Exercise material »
[Start of section]

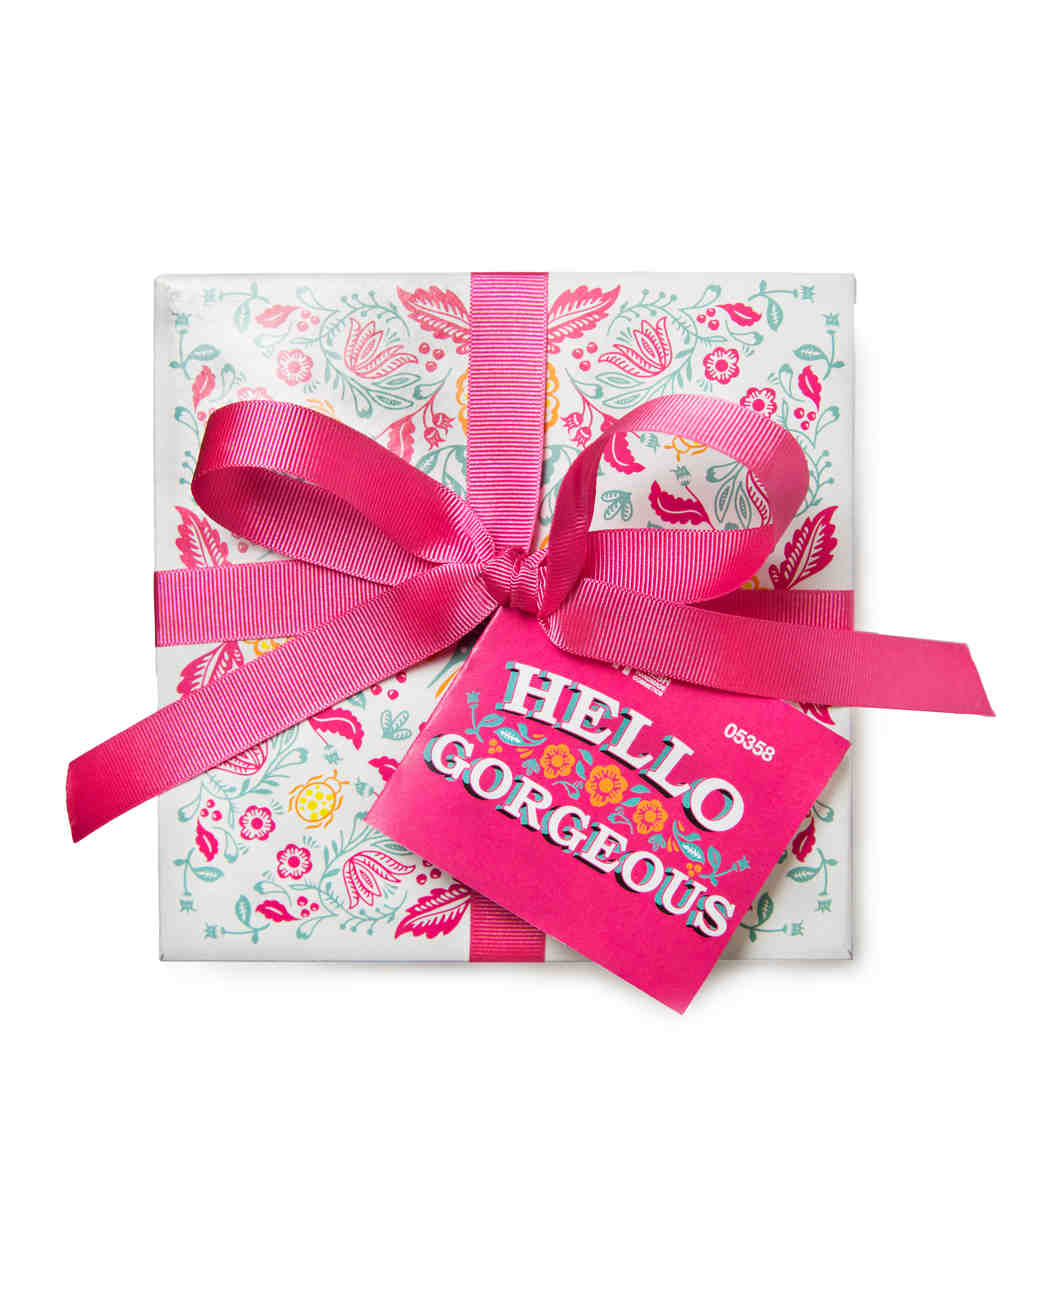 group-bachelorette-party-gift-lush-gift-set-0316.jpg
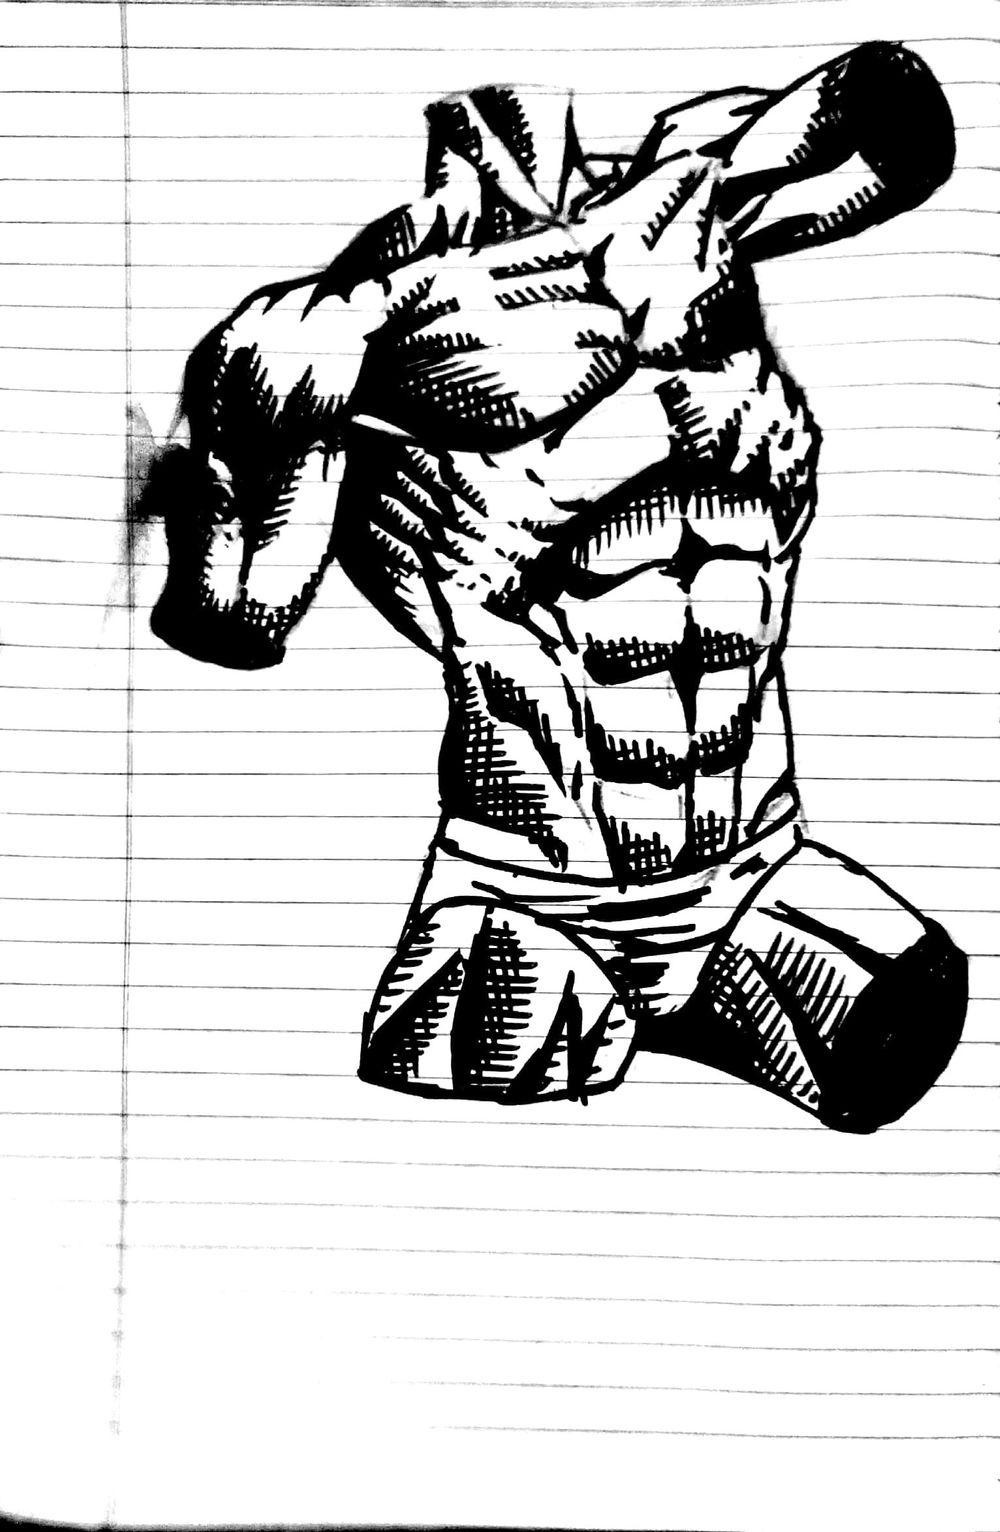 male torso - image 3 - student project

[End of section]
[Start of section]

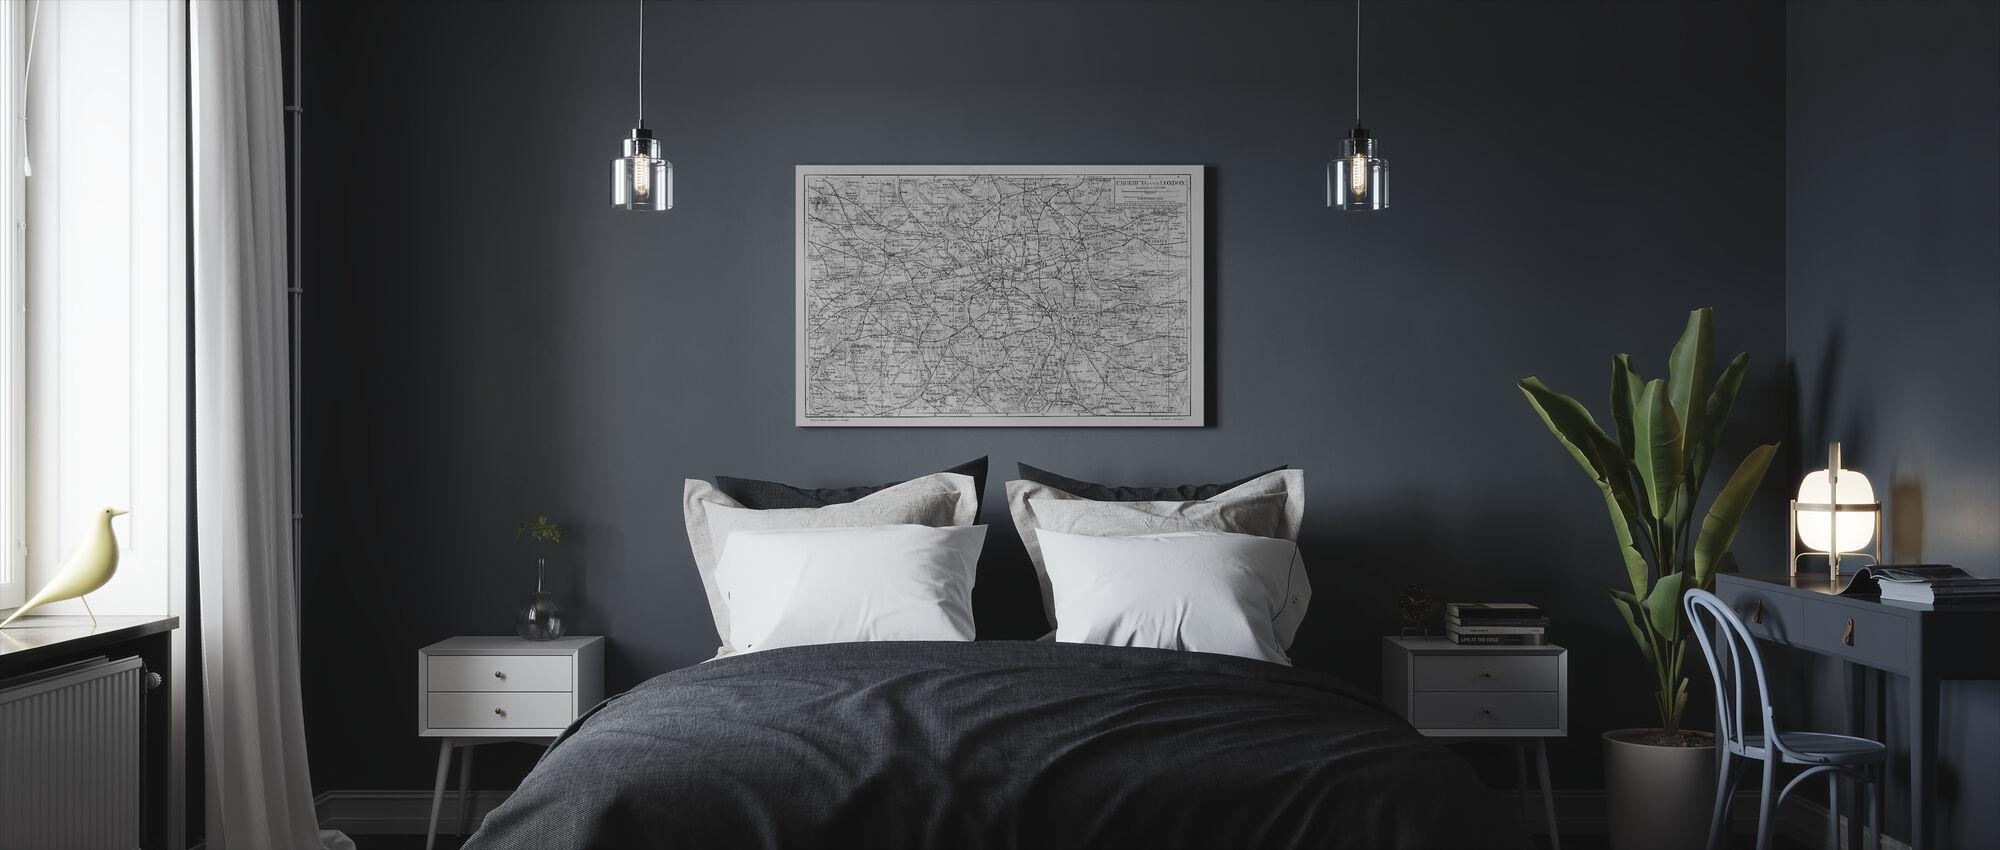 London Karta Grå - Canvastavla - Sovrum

[End of section]
[Start of section]

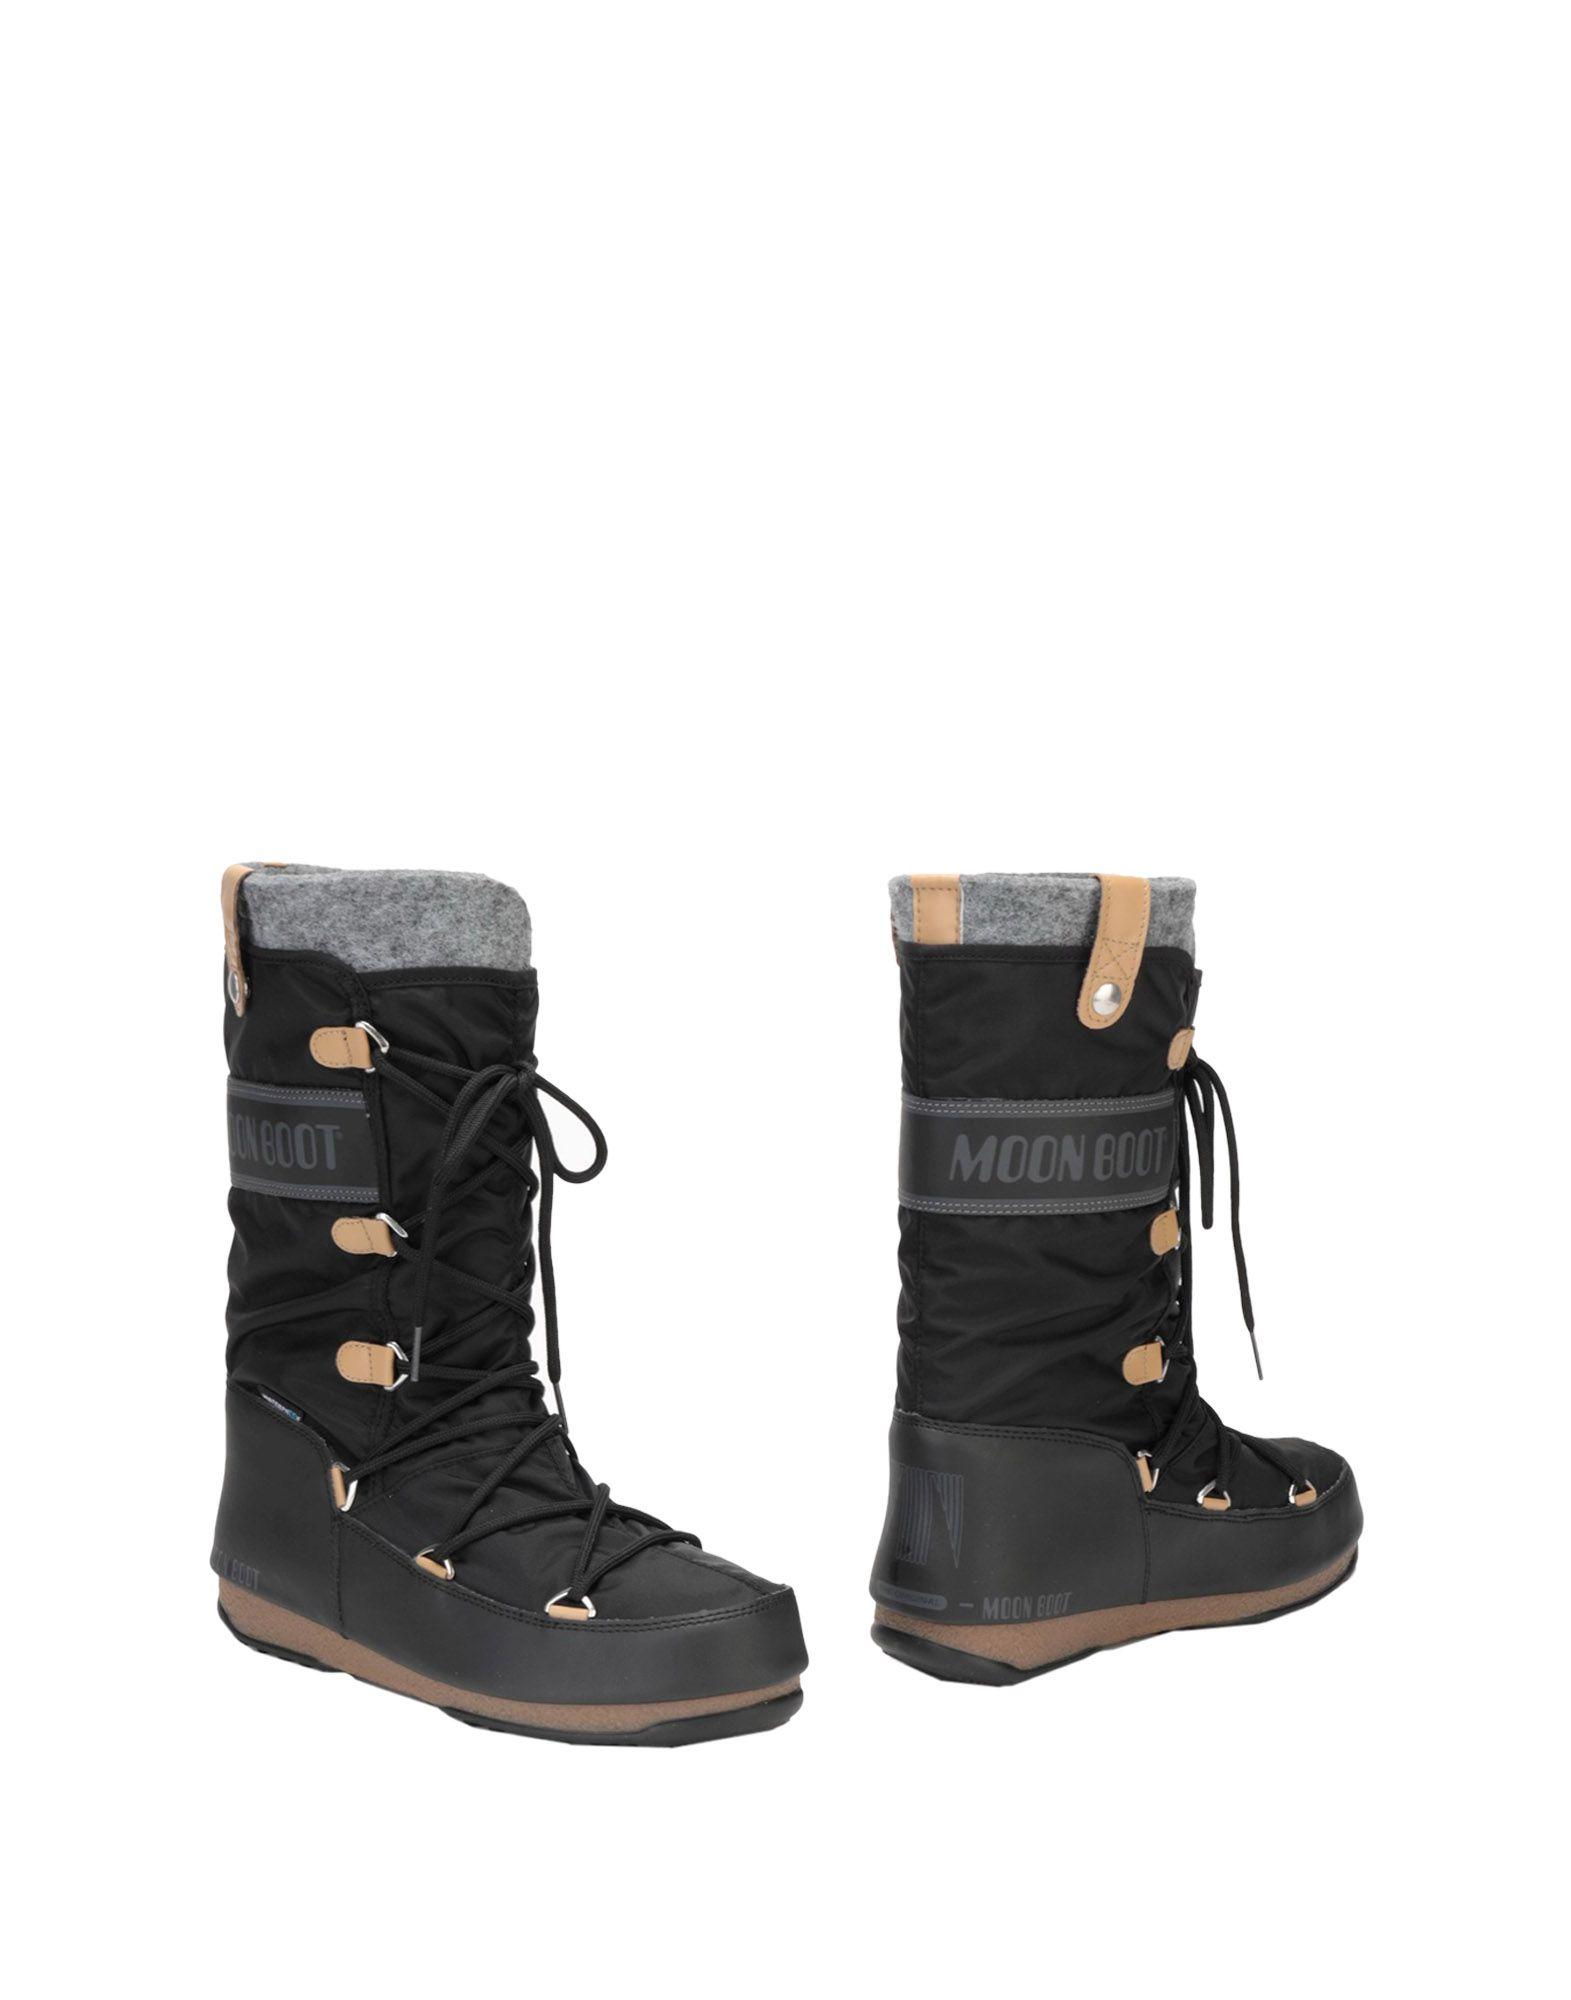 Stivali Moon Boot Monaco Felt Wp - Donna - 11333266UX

[End of section]

What you are asked to do » All lines above from the one containing "group-bachelorette-party-gift-lush-gift-set-0316.jpg" up to and including the one containing "male torso - image 3 - student project" are to be set down exactly, and nothing else. Leave images out.

Answer to the problem »
 group-bachelorette-party-gift-lush-gift-set-0316.jpg
 male torso - image 3 - student project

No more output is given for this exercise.